Obligatory and Optional Memorials on September 4:
- Marcellus and Valerian, martyrs;
- Marinus;
- Boniface I, pope;
- Ultan of Ardbraccan, bishop;
- Ida of Herzfeld, widow;
- Rosalia, virgin;
- Rose of Viterbo, virgin
St. Marcellus (d. ca. 178 A.D.) was a priest at Lyons when the persecutions of Christians was launched in 177 A.D. He was imprisoned but managed to escape together with a fellow prisoner named Valerian. He sheltered in a home of a pagan whom he converted to the faith. Marcellus then met Priscus, a governor, who invited him to his home. But when Priscus began preparing for the rituals to their pagan gods, Marcellus refused to join. Priscus thus had him buried to his waist near Chalon-sur-Saone and he died three days later. Valerian was recaptured and beheaded at Tournus.

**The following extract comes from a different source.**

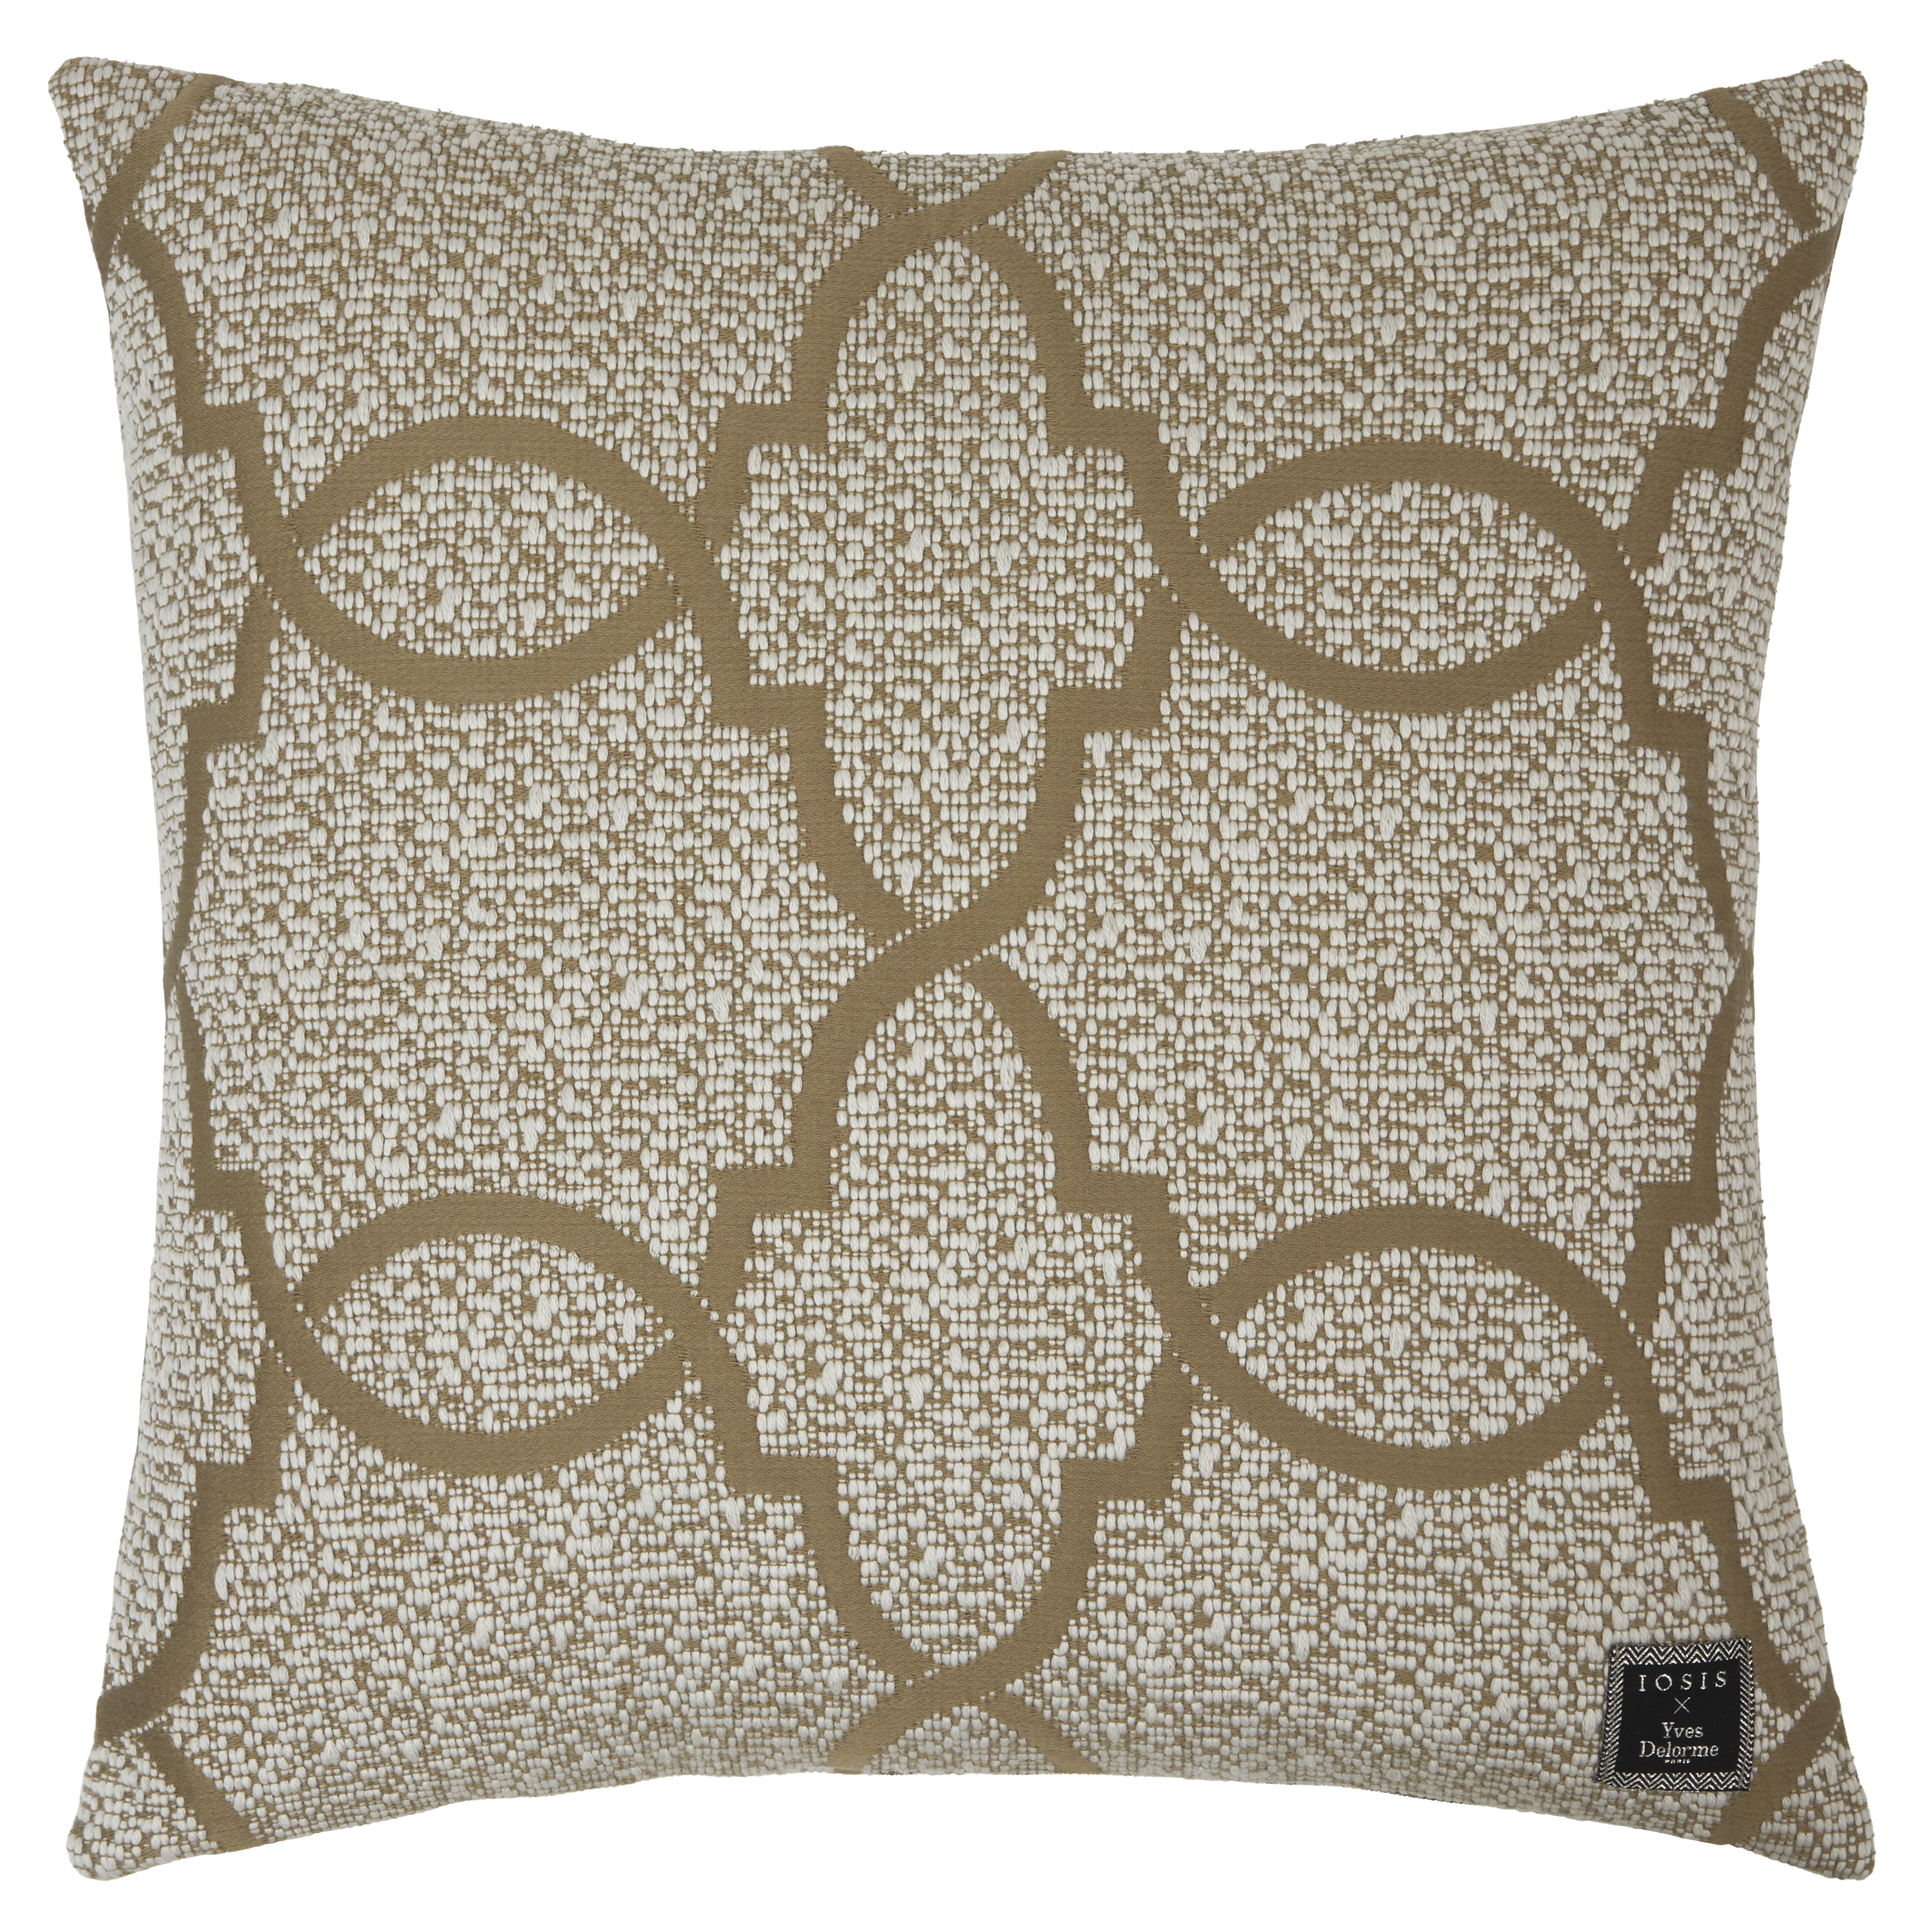 Yves Delorme Logo Decorative Pillow

St. Marinus (4th century A.D.) was born in Dalmatia and became a stonemason together with St. Leo, a fellow stonemason. They converted many who were sentenced to labor in the quarries in which they worked. Leo soon became a priest and Marinus a deacon. When Marinus was accused by a Dalmatian woman of being the husband who deserted her, Marinus fled into the mountains and became a hermit. A monastery grew up around his hermitage. This area grew to what is now San Marino - a tiny republic in Europe.